The EU claims that their total contribution to climate finance amounted to Euro 23 billion in 2021 and 28 billion in 2023. This amount was given to developing countries. Grant Based Finance is about 50 percent. Can this claim be verified?

However, European policies with respect to developing countries are not necessarily helpful. The Carbon Border Adjustment Mechanism (CBAM), for instance, will have an adverse impact on the Indian economy.

It also appears that Europe is losing out to China in terms of clean energy investments.

According to the Global Landscape of Climate Finance report, the average annual climate finance reached USD 1.3 trillion in 2021-22, double of 2019-20 level. These represent only about 1 percent of the global GDP.
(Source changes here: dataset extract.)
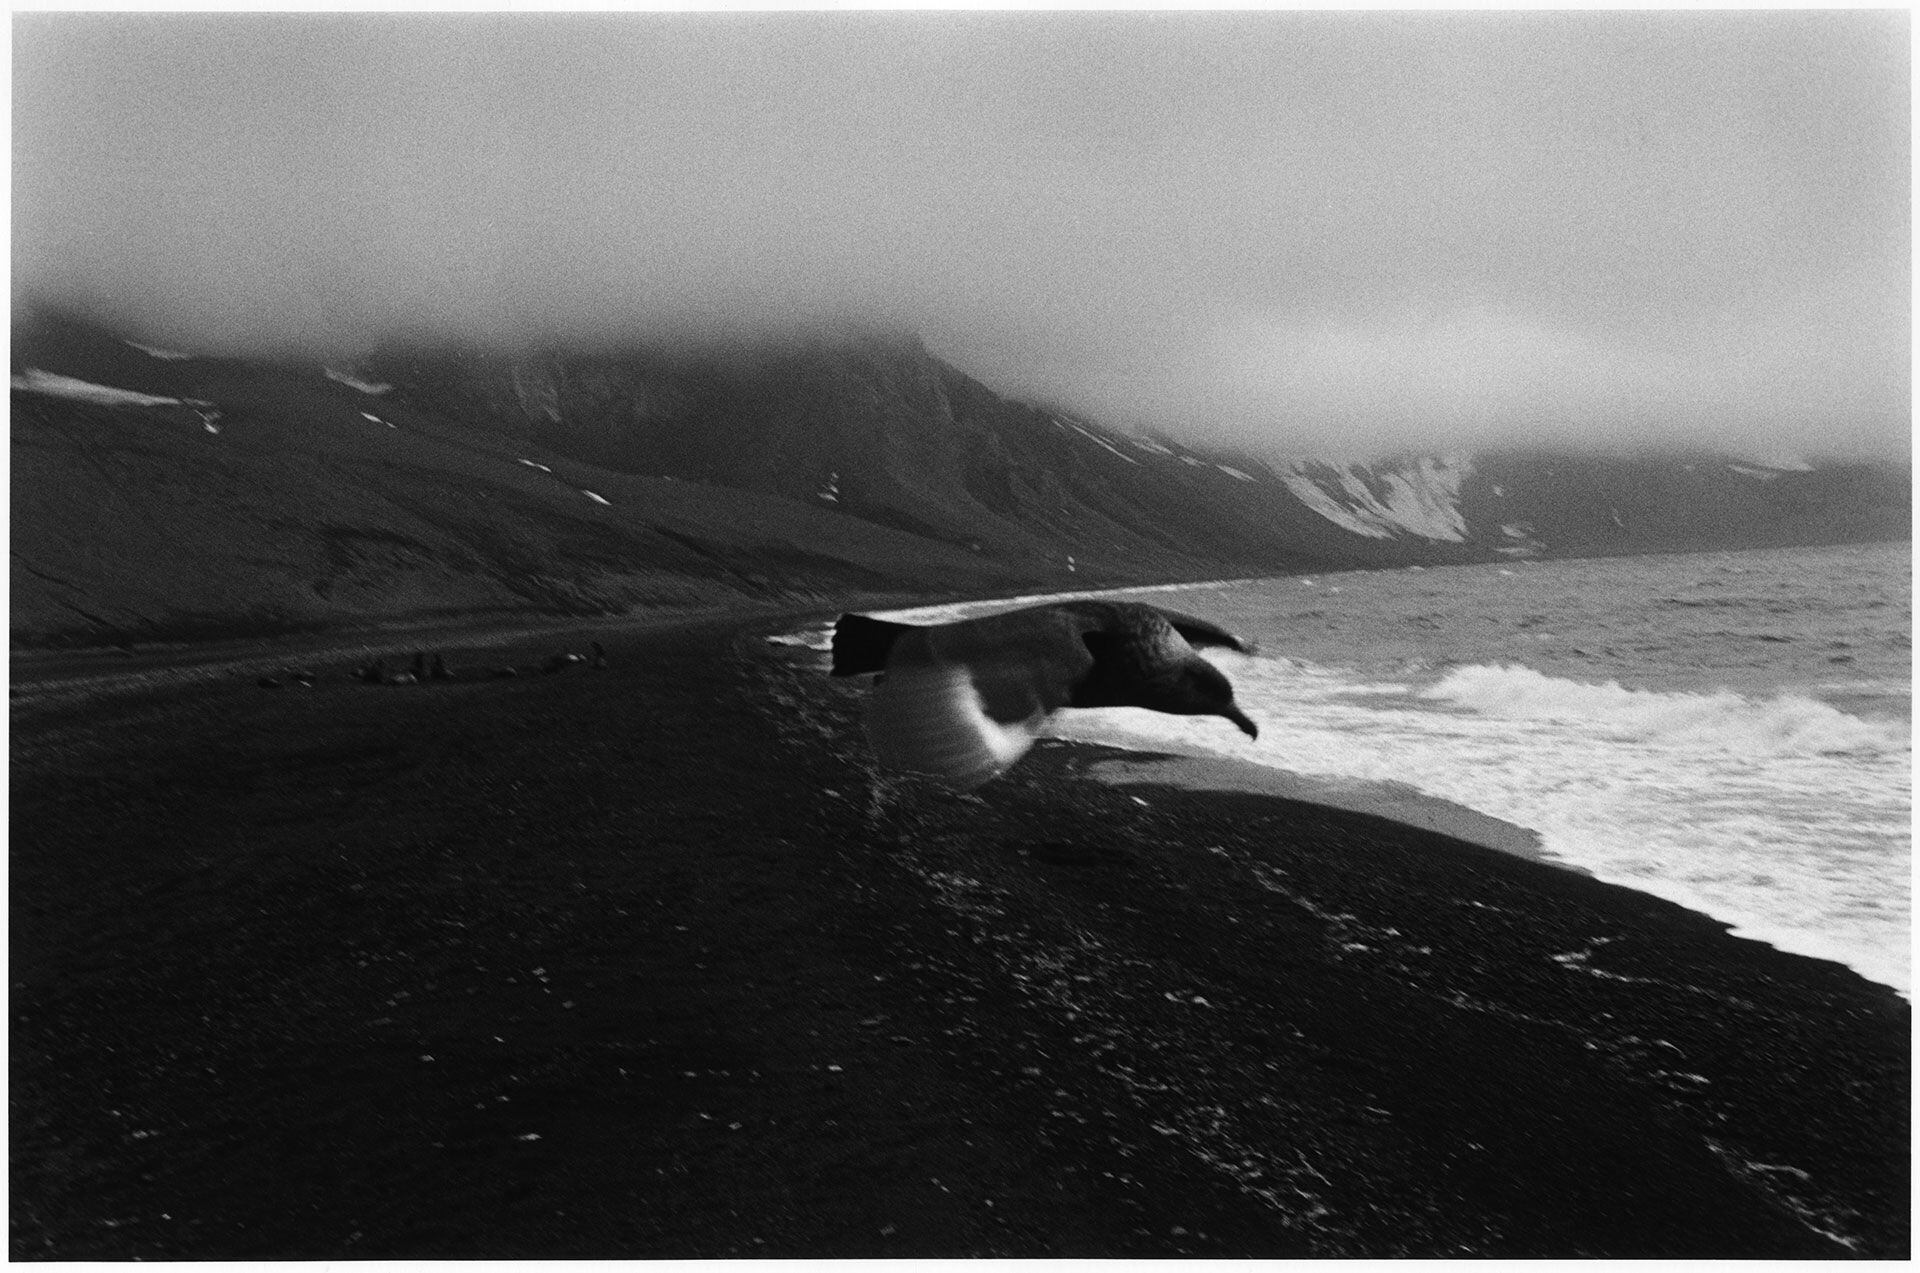 Antártida negra, de Lestido, reúne una serie de fotografías realizadas entre febrero y marzo de 2012, en las bases argentinas Decepción y Cámara

Investments in Clean Energy

The International Energy Agency (IEA) reported that global energy investment is set to exceed $3 trillion for the first time in 2024, with $2 trillion going to clean energy technologies and infrastructure. There are major imbalances in investment, for instance, and Emerging Market and Developing Economies (EMDE) outside China account for only around 15% of global clean energy spending.

Solar PV Supply Chain

China’s share in all the manufacturing stages of solar panels (such as polysilicon, ingots, wafers, cells and modules) exceeds 80%. This is more than double China’s share of global PV demand.

Global solar PV manufacturing capacity has increasingly moved from Europe, Japan and the United States to China over the last decade. China has invested over USD 50 billion in new PV supply capacity – ten times more than Europe.

Europe is responsible for over one-quarter of global EV assembly, but it is home to very little of the supply chain apart from cobalt processing at 20%.

China leads in terms of committed hydrogen projects and could account for almost 70% of 2024 capacity.